Given your requirements, I'd just build one from parts on Newegg. 

> - Should run Linux 

That part is pretty easy these days. 

> - 2-3 PCI slots 
> - SATA is a plus (especially if it can handle 4 external SATA drives, 
> non-RAID is ok) 
> - energy efficient 
> - should be SFF (small-form factor) or mini-tower 
> - VGA out 

I'd go with a micro-ATX motherboard.  You can find them with 4 SATA and 
onboard VGA and a couple PCI slots.  If you want eSATA, add in cards are 
fairly cheap, and some of the motherboards will come with an onboard port. 

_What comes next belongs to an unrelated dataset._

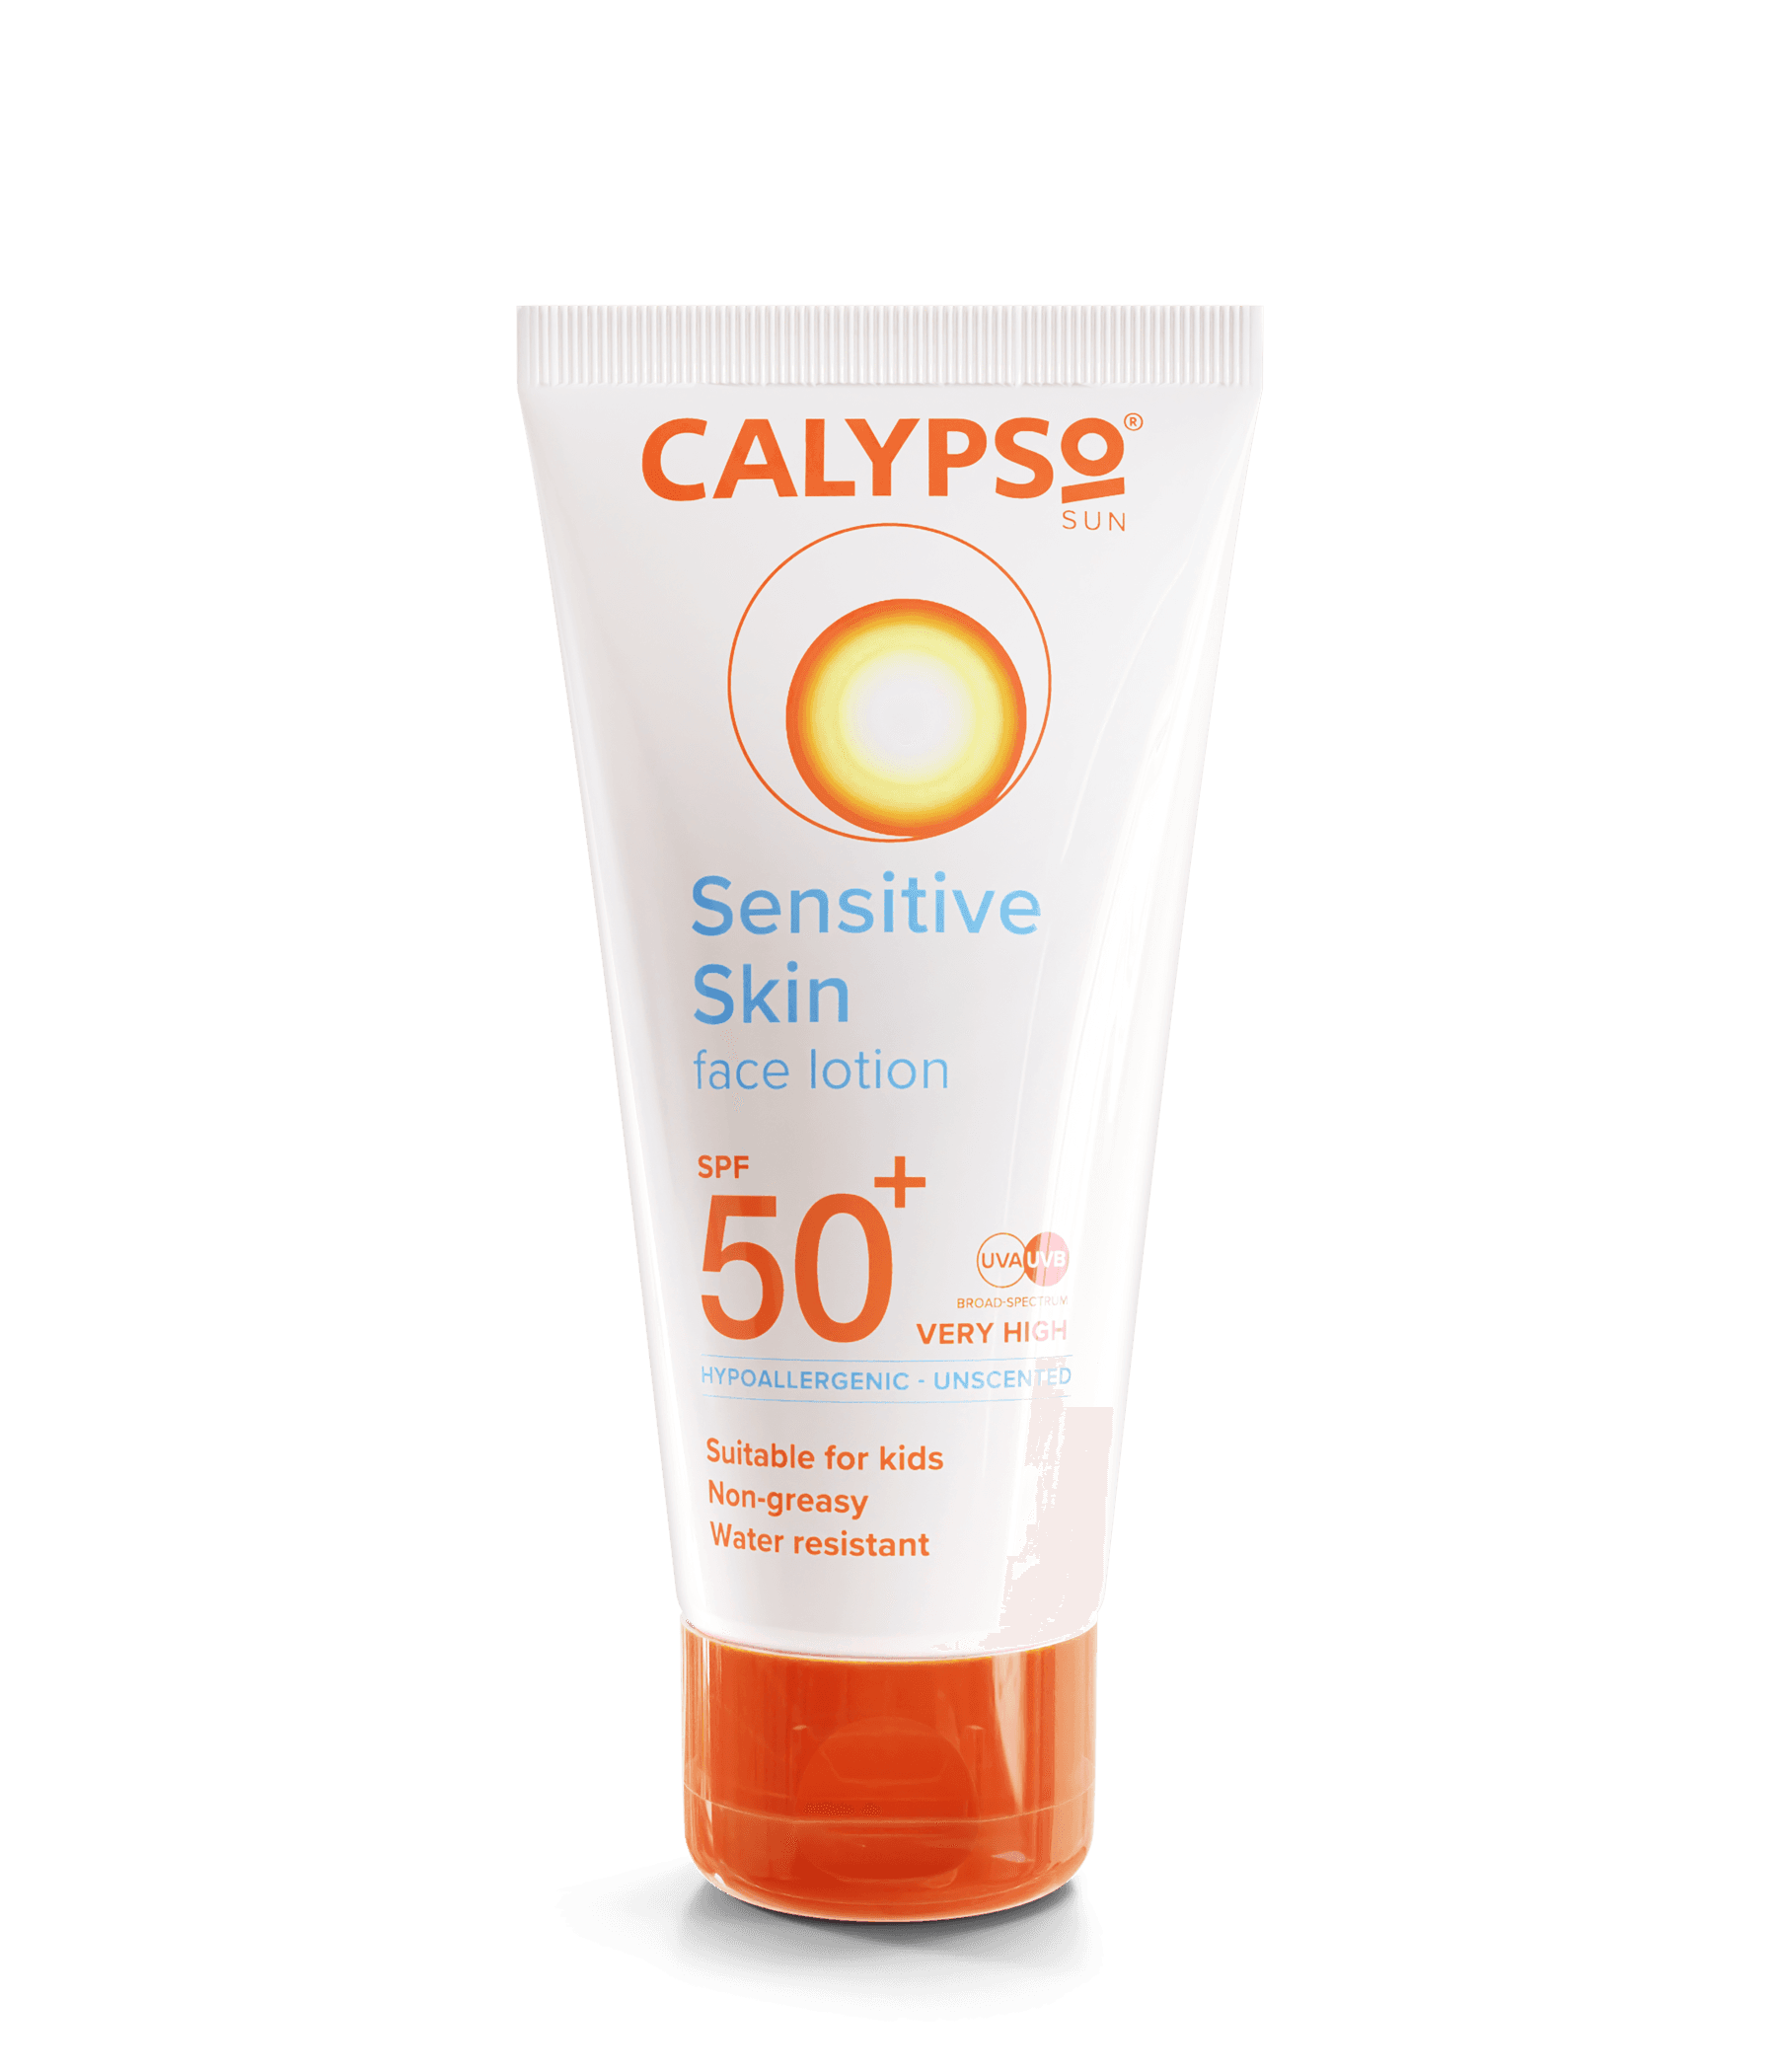 Calypso Sensitive Sun Lotion for Face and Neck SPF50+

For the case, I'd go with an ATX mini-tower, so you can fit a standard ATX 
PSU and 4 hard drives.  The micro-ATX cases tend to cost significantly 
more. 

To meet the energy efficient bit, I'd add an 80+ efficient power supply and 
an AMD 45w CPU. 

Some example products: 

BIOSTAR MCP6P-M2 AM2 NVIDIA GeForce 6150 / nForce 430 Micro ATX AMD 
http://www.newegg.com/Product/Product.aspx?Item=N82E16813138111

AMD Athlon X2 4050e 2.1GHz 1MB L2 Cache Socket AM2 45W 65nm Dual-Core 
Processor - Retail 
http://www.newegg.com/Product/Product.aspx?Item=N82E16819103257

Antec Earthwatts EA380 380W ATX12V v2.0 Power Supply 
http://www.newegg.com/Product/Product.aspx?Item=N82E16817371005

Thermaltake WingRS VG1000BNS Black SECC ATX Mid Tower Computer Case 
http://www.newegg.com/Product/Product.aspx?Item=N82E16811133048

OCZ Platinum 2GB (2 x 1GB) 240-Pin DDR2 SDRAM DDR2 1066 (PC2 8500) 
http://www.newegg.com/Product/Product.aspx?Item=N82E16820227178

> - < $500 

The system outlined above without hard drives is $249 before shipping, and 
there's a $20 rebate, so the shipping is probably a wash. 

You could probably build it a little cheaper with careful parts selection, 
and you can make it more energy efficient by doing a lot of research and 
buying very carefully.  E.g. you could spend 4x as much on the PSU and get 
something that is closer to 85% efficient. 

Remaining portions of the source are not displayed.